HomeFilm‘All that Heaven Allows’ Criterion Collection Blu-ray review

‘All that Heaven Allows’ Criterion Collection Blu-ray review

Hitting the shelves this week alongside the fabulous release of ‘Magnificent Obsession’ is ‘All that Heaven Allows’, arguably the greatest film from Douglas Sirk’s late career triumphs. His gorgeously rendered melodrama starring Jane Wyman and Rock Hudson has been given a stunning digital 2K restoration from Criterion.

Douglas Sirk’s commercially successful pictures from this period in his career were largely received poorly by critics, as they were considered “women’s pictures” and therefore banal and unimportant. However, in the subsequent decades there has been a gradual rediscovery of Sirk as well as a critical re-evaluation of his films. There’s a lot more going on in these melodramas than just flimsy romance and domestic piffle, as they were dismissed as at the time.

The critical reappraisal began with film scholars of the 1960s, but the reconnection with audiences in recent years seems to have been driven in part by the edgier filmmakers whom he inspired (Fassbinder, Lynch, Almodovar et al), and of course the beautiful hyper-real visual style Sirk brought to these films. If one good thing comes from the modern trend of sludgy-grey flat digital filmmaking, it might just be movie fans rediscovering that films did actually used to look good.

And no film has ever looked better than ‘All that Heaven Allows’, with its autumnal textures, precise production design, and painterly compositions, it is an absolute visual feast from the first frame until the last. Jane Wyman stars as Cary, a wealthy widow living in an affluent suburb of New England. She spends her days at the country club, where a few dull men are vying for her affection, but the interest is purely one way.

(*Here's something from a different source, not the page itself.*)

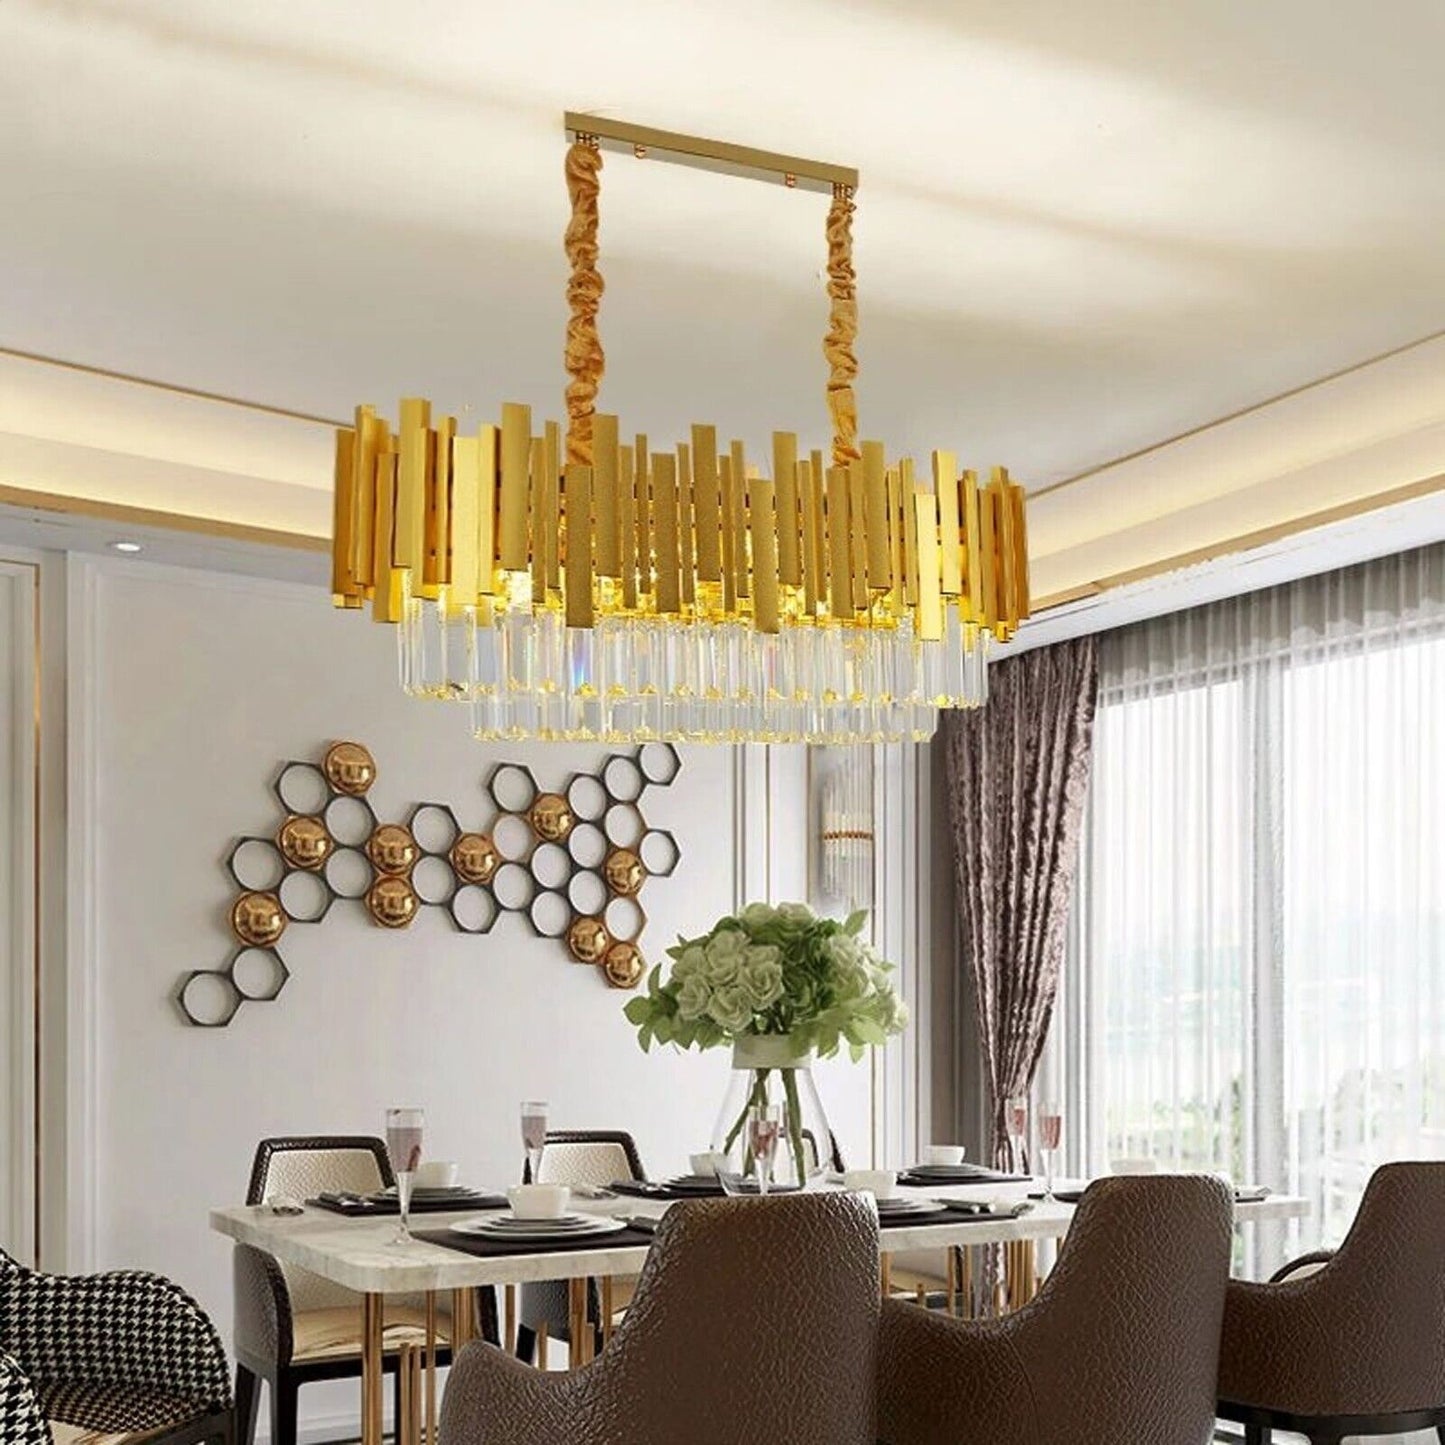 Hdc 1200mm Modern Large Crystal Ceiling Light Gold Pendant Chandelier Lamp for Living Room

Cary prefers spending time with Ron (Rock Hudson), the younger man who has been tending her garden all through the summer. She discovers he is an intelligent and down-to-earth man, who unlike her country club friends, has no interest in status or materialistic things. When a romance develops between them, it leads to scorn and ridicule from Cary’s society acquaintances and her college-age children.

All that Heaven Allows
Credit: Sony Pictures Home Entertainment

Sirk makes incredible use of colour, shade, and reflection to tell what on the surface might appear to be a typical weepy, but it is in fact a scathing social satire of the hypocrisy and class prejudices of bourgeois 1950s America. It of course still satisfies its primary goal as a profoundly emotional and sentimental heart-warming romance, but there’s a lot more happening beneath the glossy surface.

Breathlessly romantic and deliciously entertaining, ‘All that Heaven Allows’ is the definitive Hollywood melodrama. Much like the central romance in the film, it might invite laughter and scorn from modern audiences not used to such earnest storytelling, but approach with an open mind and you’ll be rewarded with a stunning, complex, and richly symbolic experience.

The special features on the disc kick off with an audio commentary recorded in 2014 with film scholars John Mercer and Tamar Jeffers-McDonald. ‘Behind the Mirror: A Profile of Douglas Sirk’ is a series of fascinating interview excerpts with Sirk, taken from a 1979 BBC documentary.

‘Rock Hudson’s Home Movies’ is an hour-long video essay from 1992 directed by Mark Rappaport, exploring Hudson’s sexuality and celebrity through a provocative mix of voice-over narration, film clips, and live action. The concept of having an actor narrating a fictional version of Hudson’s memoir from beyond the grave is more than a touch crass, and the quality of the film clips is terrible.

Next up is a 2007 interview with William Reynolds (who plays Cary’s snobbish son Ned in the film) in which he talks about his experiences working within the studio system, and the films he made with Douglas Sirk. Finally, there is a 1982 interview with Douglas Sirk from an episode of French television series Cinéma cinémas.

The booklet comes with an essay by film scholar Laura Mulvey and an excerpt from a 1971 essay on Sirk by filmmaker Rainer Werner Fassbinder.

All that Heaven Allows
Credit: Sony Pictures Home Entertainment

Cast: Jane Wyman, Rock Hudson, Agnes Moorhead, Conrad Nagel, Gloria Talbott, William Reynods Director: Douglas Sirk Writer: Peg Fenwick Released By: Sony Pictures Home Entertainment Certificate: 12 Duration: 89 mins Release Date: 13th March 2023

John Parker
John Parker
John is a freelance writer and film reviewer for Entertainment Focus.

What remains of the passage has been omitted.